RECORDS FOR PROCESSING:
++++++

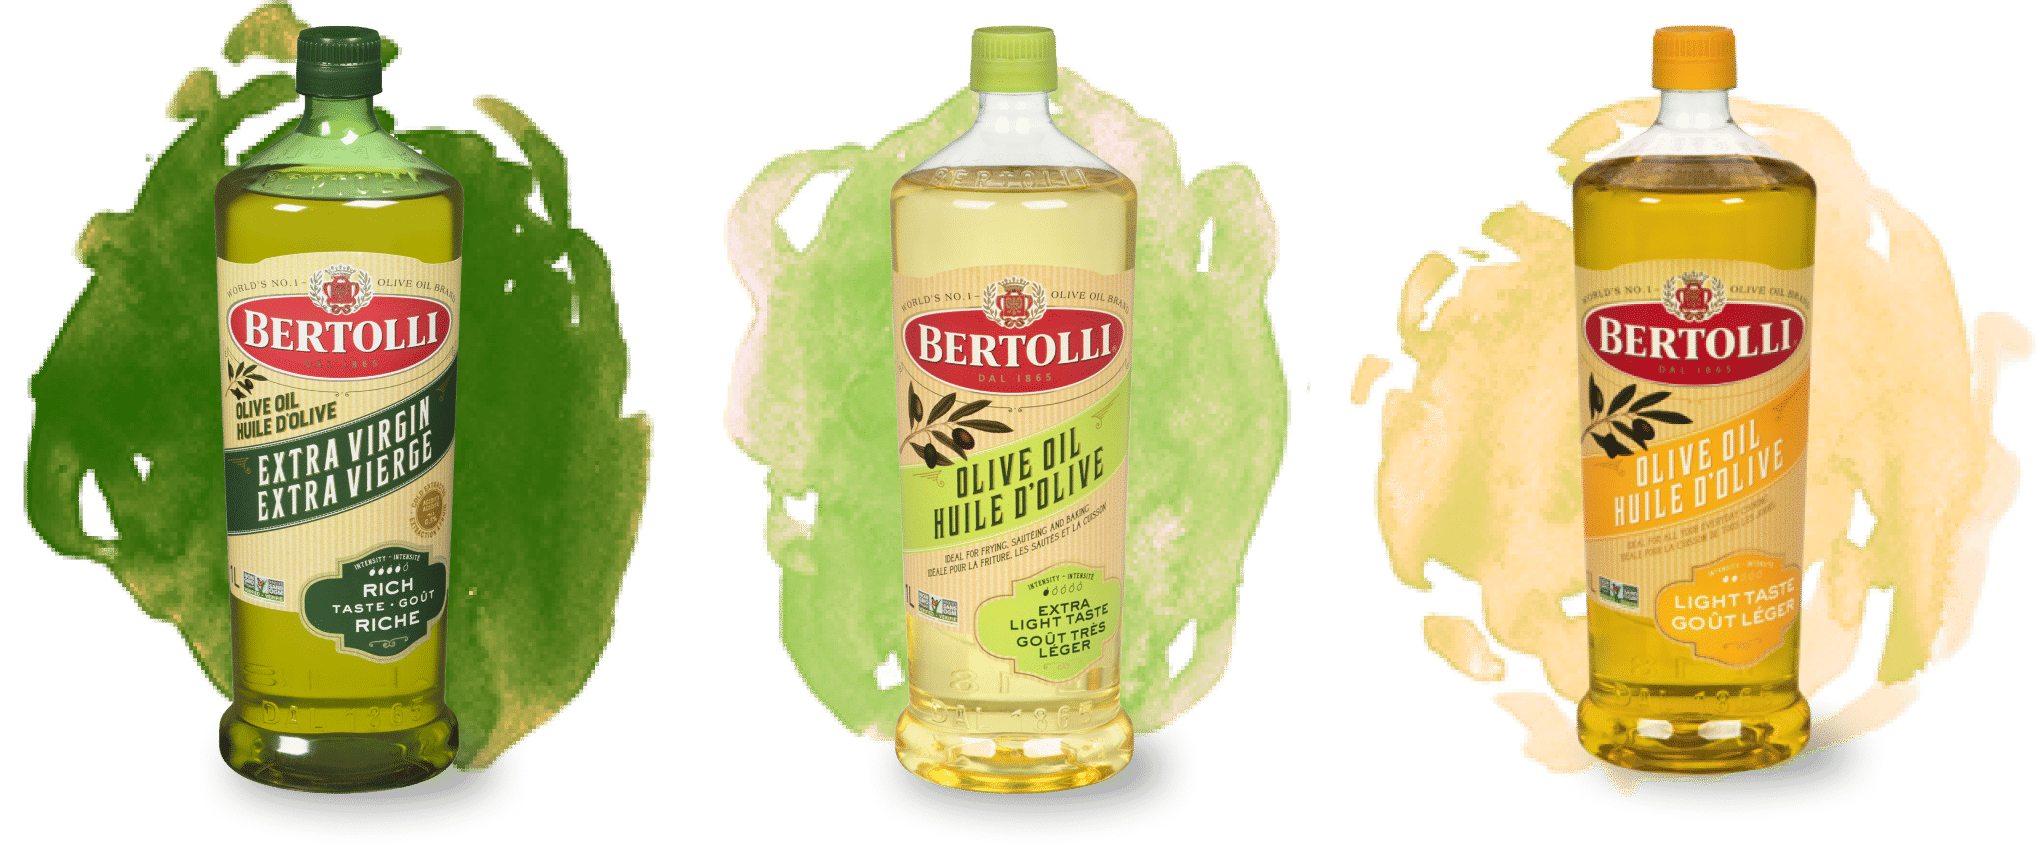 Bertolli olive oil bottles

++++++

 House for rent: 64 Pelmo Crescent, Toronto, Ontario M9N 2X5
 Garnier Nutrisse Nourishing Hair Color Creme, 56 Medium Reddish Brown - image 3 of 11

++++++

WHAT YOU WILL DO: From the records above, transcribe exactly the run of lines that opens with the line holding "House for rent: 64" and closes with the line holding "Garnier Nutrisse Nourishing", both included.

RESPONSE AREA:
 House for rent: 64 Pelmo Crescent, Toronto, Ontario M9N 2X5
 Garnier Nutrisse Nourishing Hair Color Creme, 56 Medium Reddish Brown - image 3 of 11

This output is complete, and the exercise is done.